Durante la Cuaresma, dedicamos mucho tiempo a reflexionar sobre cómo podemos alejarnos del pecado, los apegos y las distracciones y entregarnos más a Dios. Reflexionar sobre nuestras debilidades puede hacernos sentir inseguros o vulnerables, o ciertamente más tímidos ante Dios en la oración. Después de cometer el primer —u original— pecado, Adán y Eva expresan este miedo e inseguridad ante Dios.

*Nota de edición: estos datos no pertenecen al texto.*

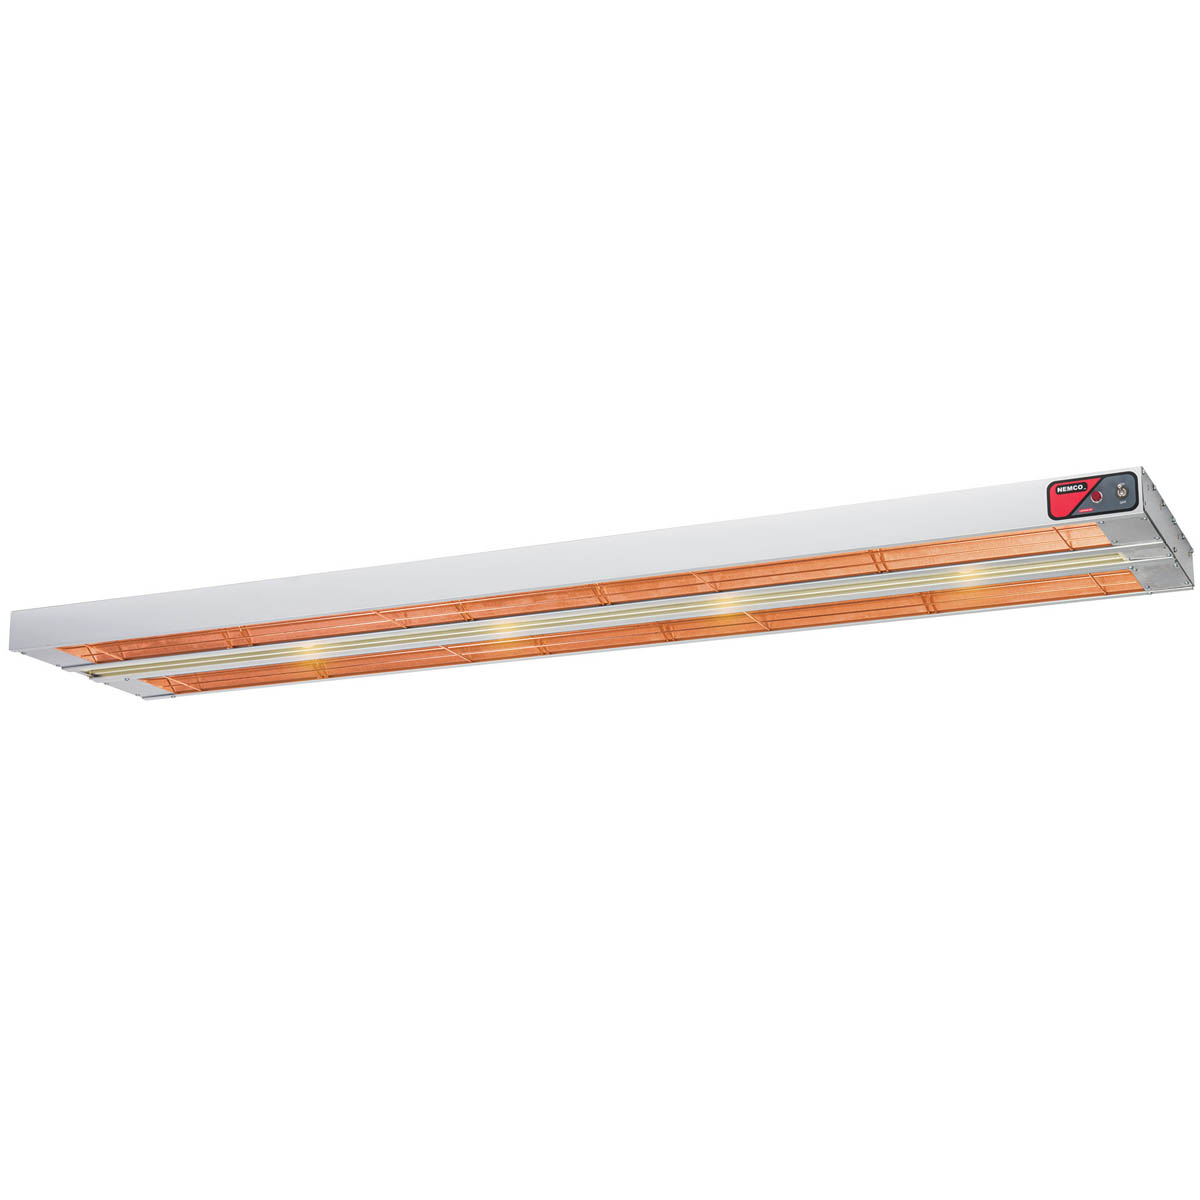 Nemco 6150-72-D-240 Strip Type Heat Lamp

«Pero el Señor Dios llamó al hombre y le dijo: “¿Dónde estás?”. Él respondió: “Oí tu voz en el jardín y tuve miedo, porque estaba desnudo; por eso me escondí”.»
Génesis 3:9-10
Adán experimenta la consecuencia del pecado por primera vez, una experiencia con la que nos hemos familiarizado demasiado. ¿Qué ocurre? Le teme a Dios a causa de su culpa; le avergüenza haber sido descubierto, expuesto, por lo que oculta su desnudez al Padre. Su decisión de pecar daña la relación de confianza que tiene con el Padre. Ya no se siente seguro en la presencia del Padre y, en cambio, se siente vulnerable.
Desnudo y avergonzado
Sin embargo, siendo realistas, Adán siempre ha estado desnudo desde su creación, por lo que no debería sentirse expuesto o inseguro ante el Padre. Dios responde, fingiendo sorpresa, a la admisión de Adán:
«El Señor le dijo: “¿Quién te dijo que estabas desnudo? ¿Acaso has comido del árbol que te prohibí comer?”»
Génesis 3:11
El Padre no está enojado porque Adán haya descubierto que no tiene ropa. El Padre está enojado porque Adán se avergüenza de estar en su presencia, porque Adán ha pecado y ahora ve su propia desnudez como una amenaza en lugar de un regalo. La serpiente malvada ha retorcido y distorsionado la relación de Adán con su Padre para que Adán ya no vea la desnudez —la vulnerabilidad— como algo bueno, sino como una amenaza para su vida.
Reacción al pecado personal
Tenemos que admitir que todos nos sentimos como Adán cuando pecamos. Nos sentimos culpables por nuestro pecado, nos avergonzamos y queremos escondernos de Dios. ¡No trivialicemos este sentimiento! Todos reaccionamos a nuestra culpa de manera poco saludable y esto afecta nuestras relaciones con los demás, con nosotros mismos y, especialmente, con Dios. Necesitamos ser honestos con nosotros mismos y examinar verdaderamente nuestros corazones.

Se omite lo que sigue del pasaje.